Start of Block

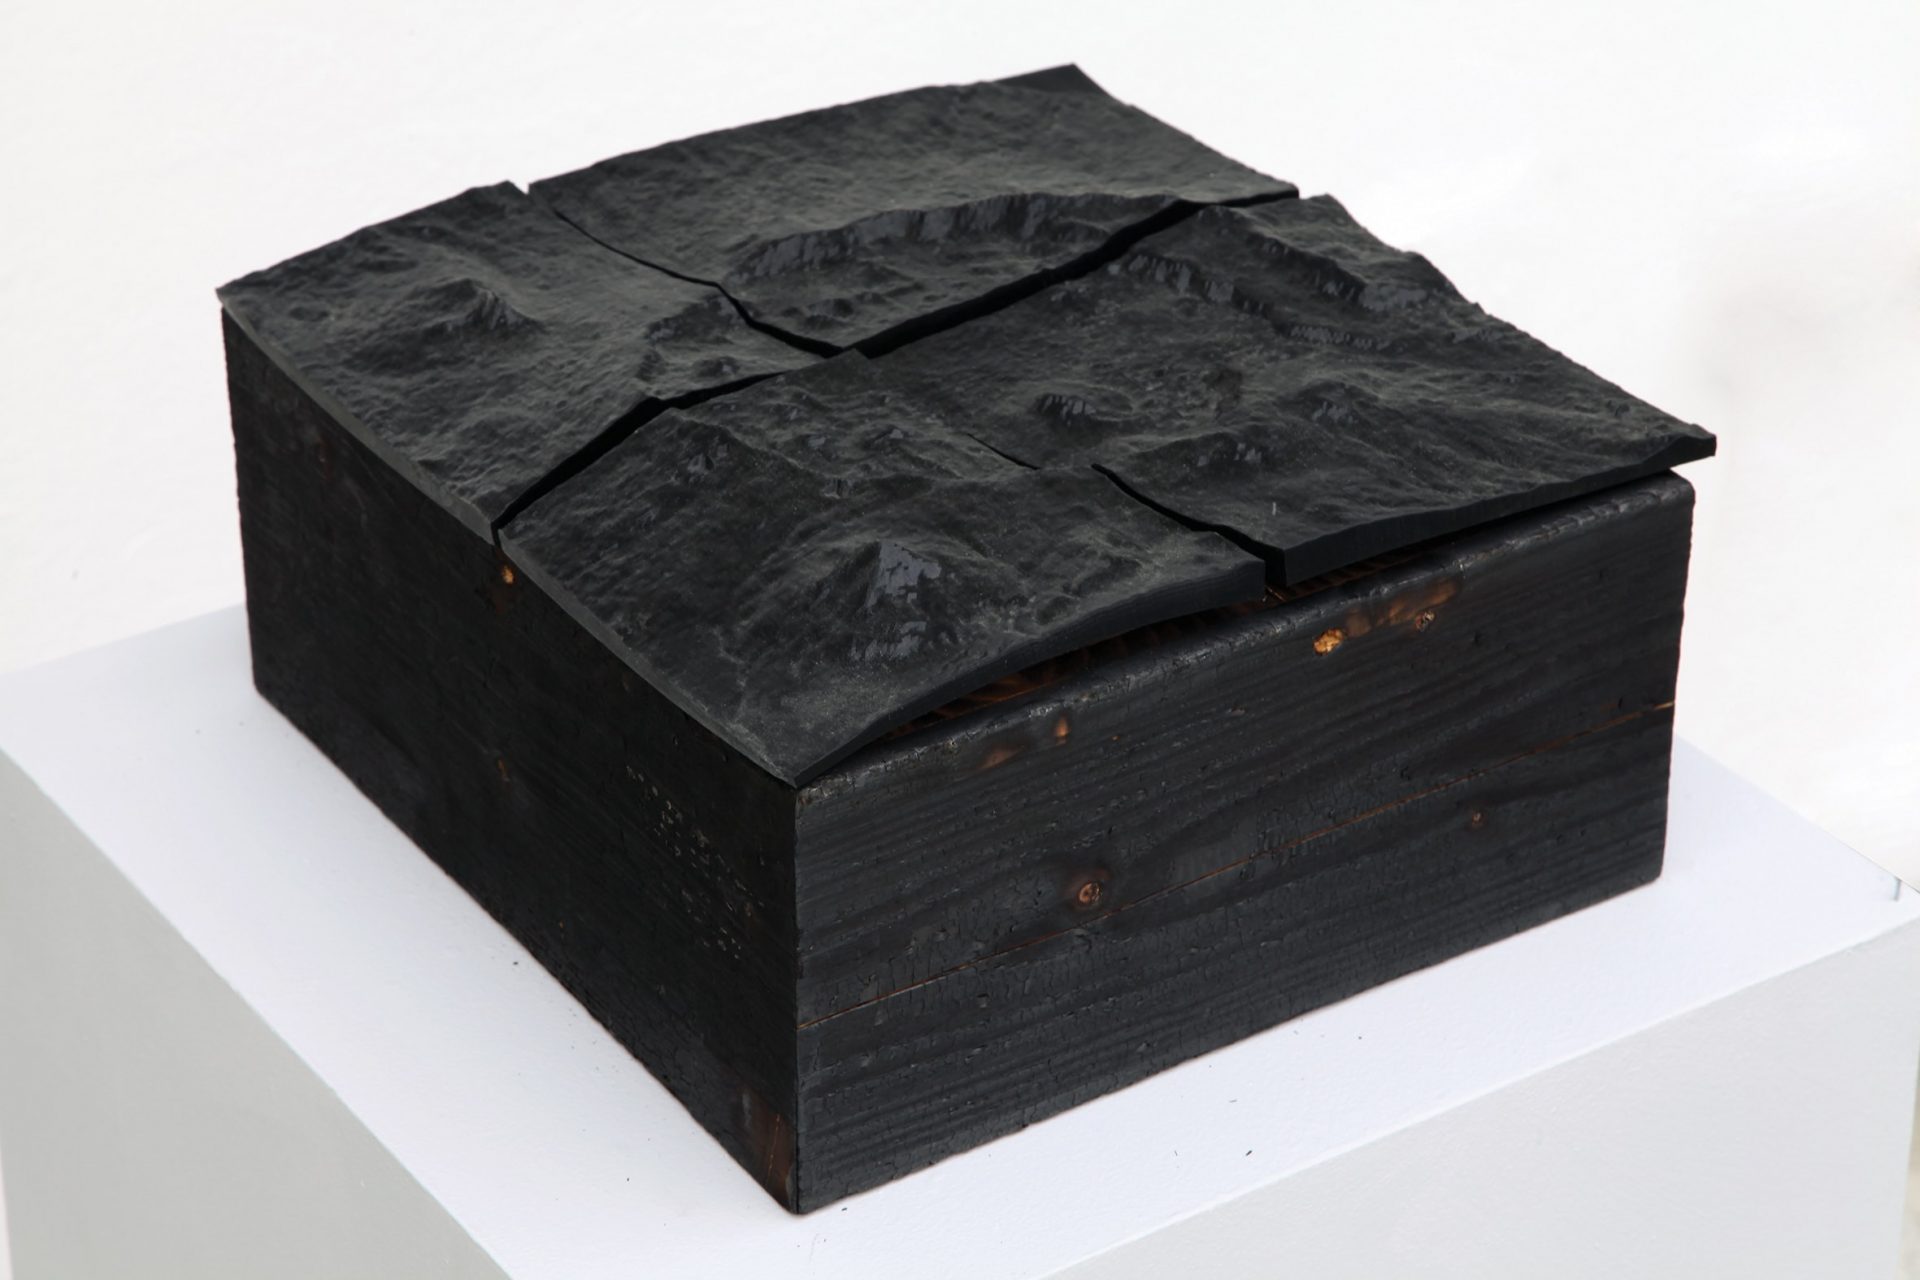 Thorsten Goldberg, „53°20’N” (Góra Okmok), 1:20, druk 3D na bazie spalonego drewna, fot. Jan Gaworski
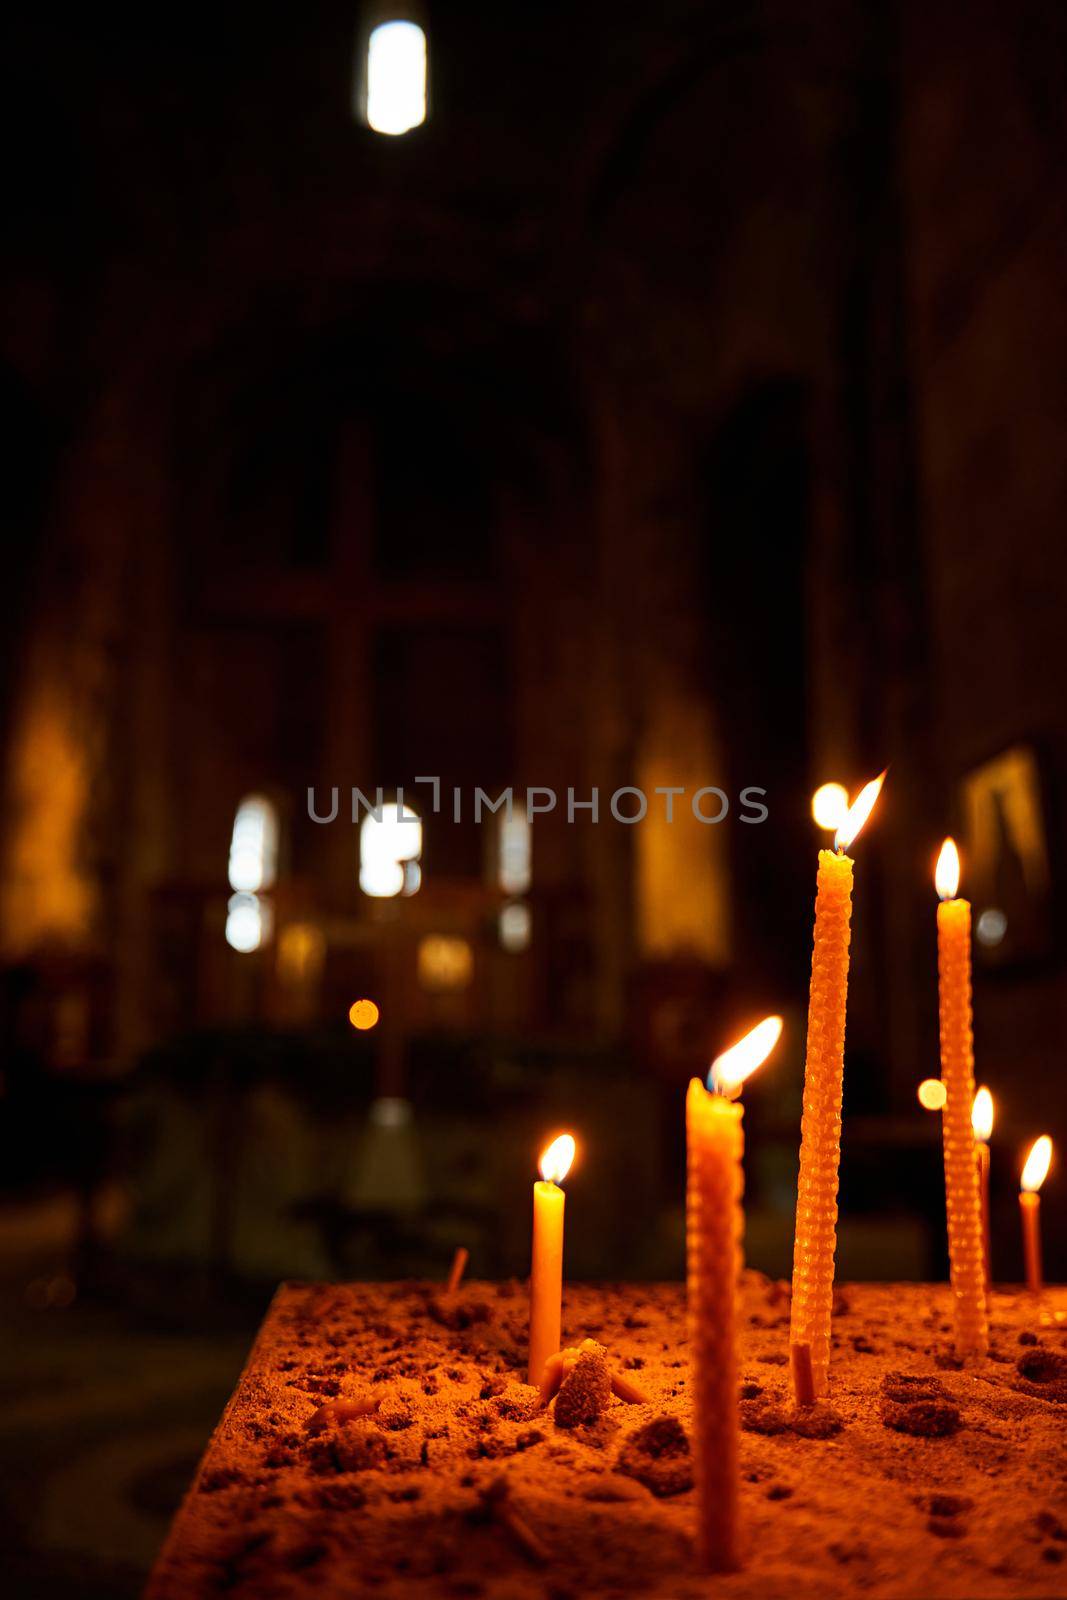 Burning candles in a church on a dark background. Memorial Candles. Burning Candles In The Temple, Sacred Fire. Candles Burning in Dark Church.
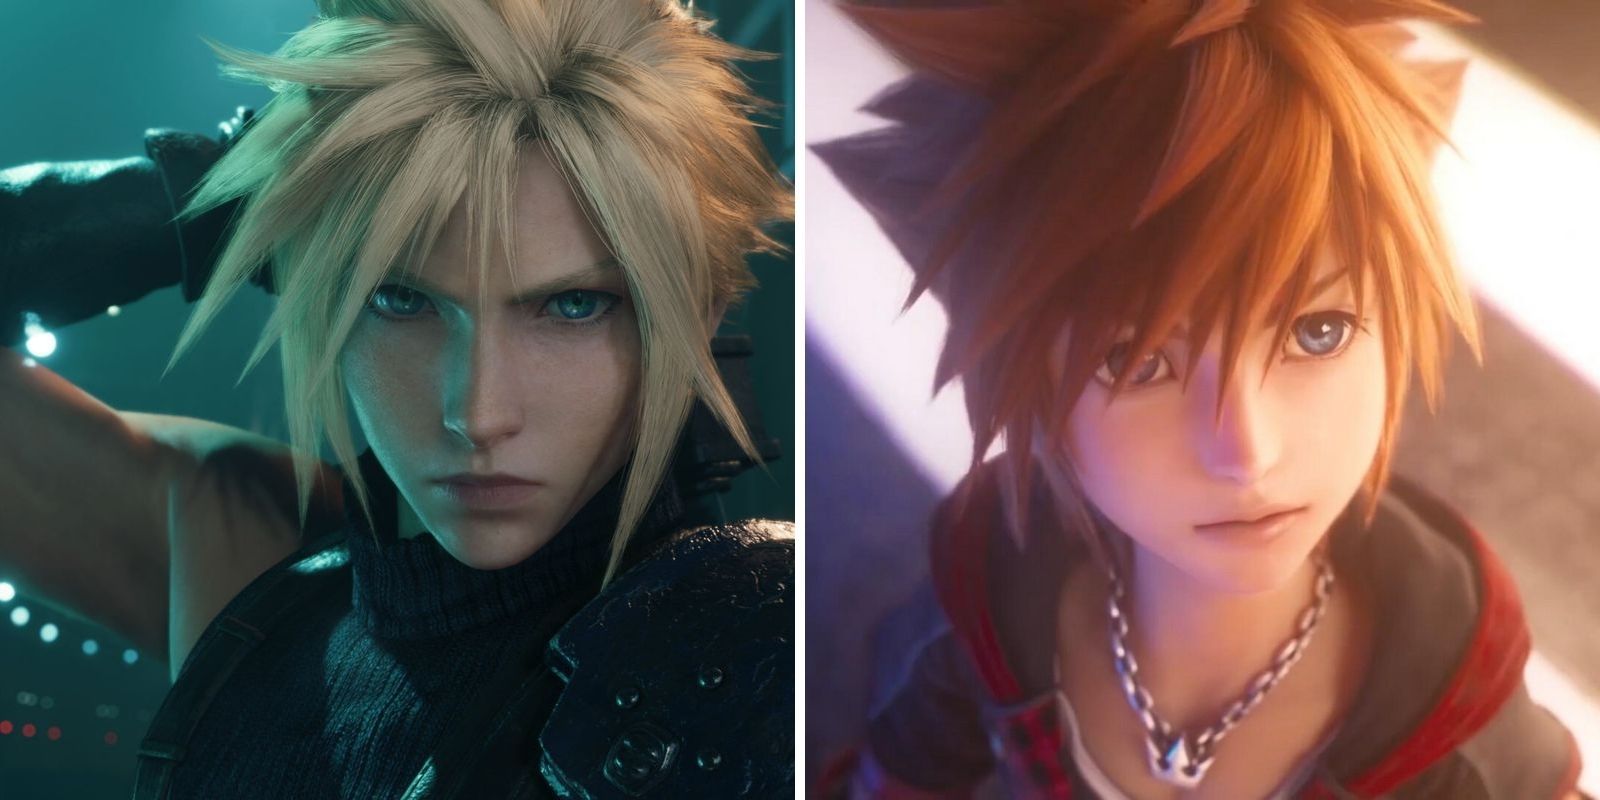 FF7 Remake Cloud next to Kingdom Hearts 3 Sora
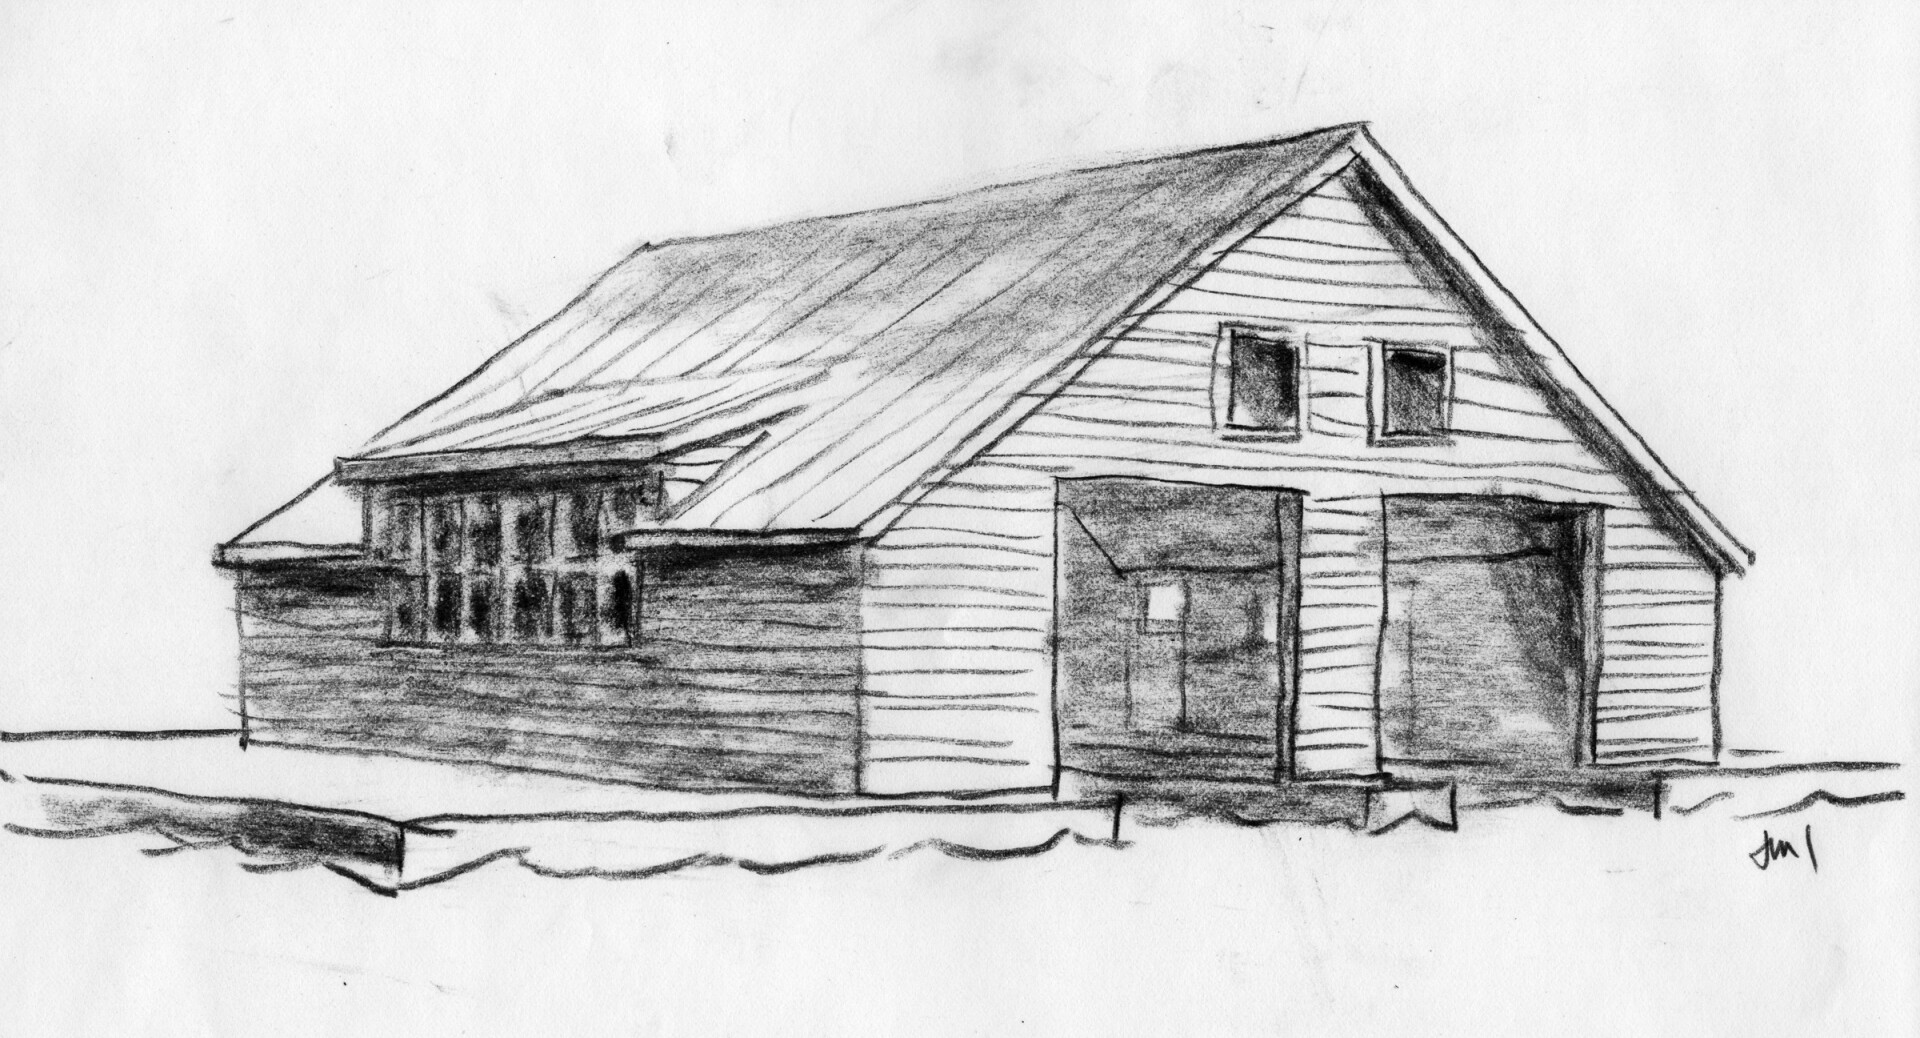 Cottage and boathouse on Lake of Bays West

End of Block

### To do
No pictures should appear in the copy. Reproduce exactly the lines from the line containing "FF7 Remake Cloud" through the last line of the data, inclusive.

### Output for this exercise
 FF7 Remake Cloud next to Kingdom Hearts 3 Sora
 Cottage and boathouse on Lake of Bays West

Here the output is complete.